Happy to release GOAL ⚽️, a multimodal dataset based on football highlights that includes 1) videos, 2) human transcriptions, and 3) Wikidata-based KB with statistics about players and teams for every match.
[1/7] Previous video benchmarks consider movies or TV series that typically involve scripted interaction between characters instead of visually grounded language. On the other hand, in GOAL we focus on football commentaries because they involve visually grounded language
[2/7]: GOAL pushes the boundaries of current multimodal models because it requires the encoding of 1) videos; 2) commentary; 3) KB information. All these elements are essential when generating a sound and coherent commentary for a football video.
[3/7]: GOAL contains highlights derived from several football leagues (e.g., Serie A, Premier League, etc.), professional human transcriptions, as well as information about the match derived from Wikidata. Just like real commentators, models should use all these modalities.
[4/7]: We set up a multi-faceted evaluation based on several tasks: 1) commentary retrieval, 2) frame reordering, 3) moment retrieval and 4) commentary generation.
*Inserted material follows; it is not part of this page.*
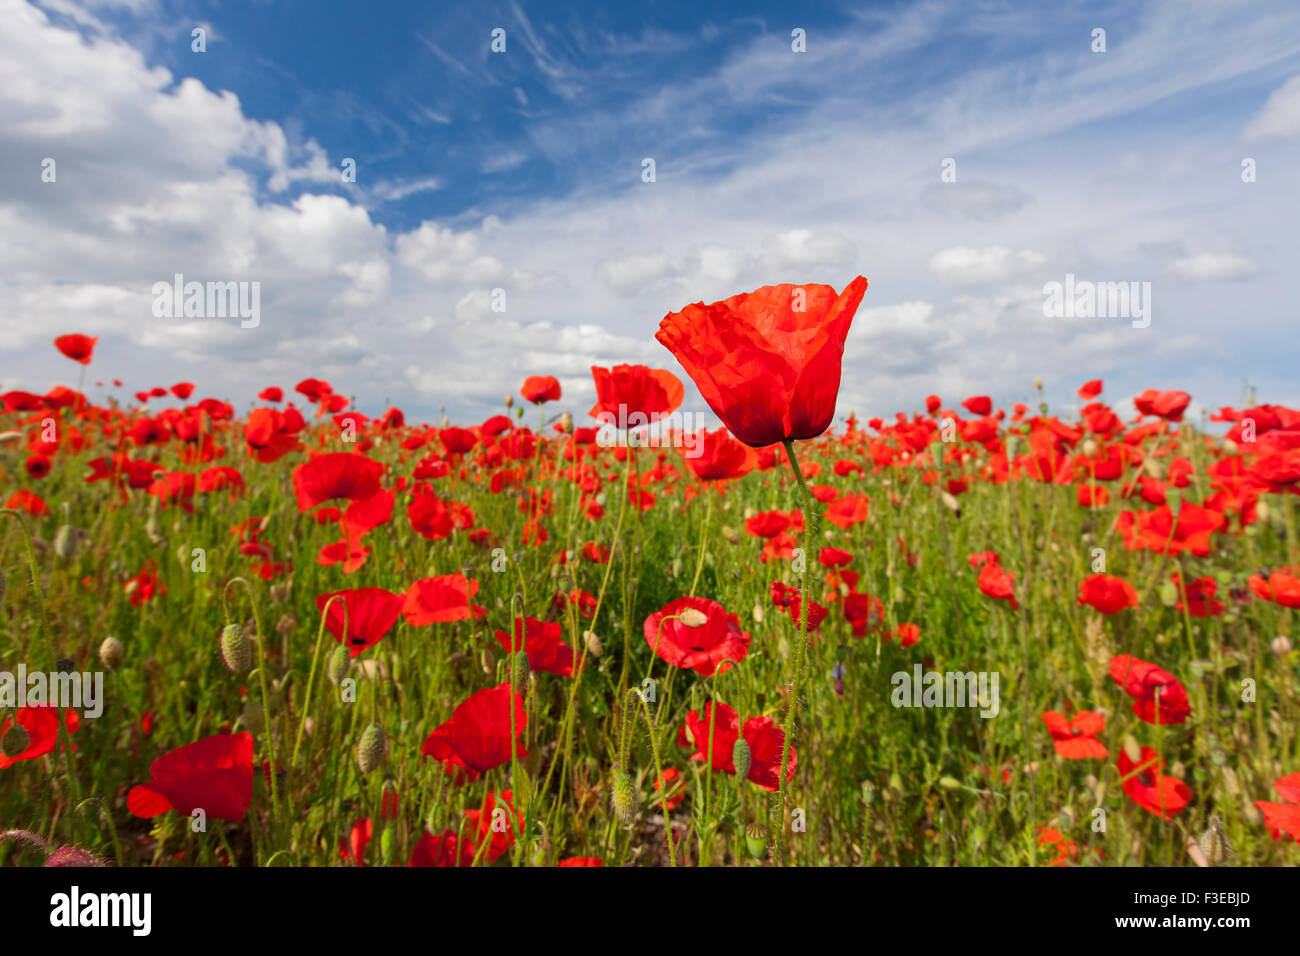 Common poppies / red poppy (Papaver rhoeas) flowering in field in summer Stock Photo

We use the HERO model for our evaluation and demonstrate that the commentary generation task is really challenging.
[5/7]: We analysed both HERO and BART predictions when considering just the language or the multimodal context as a reference. This highlighted the poor visual grounding ability of this model. We also show that it’s important to incorporate the KB information to boost performance
[6/7]: GOAL can also serve as resource a resource for visual context-aware speech recognition; multi-modal fact-checking, and multi-modal activity recognition. Additionally, GOAL represents an interesting benchmark for models that directly solve the task using audio information.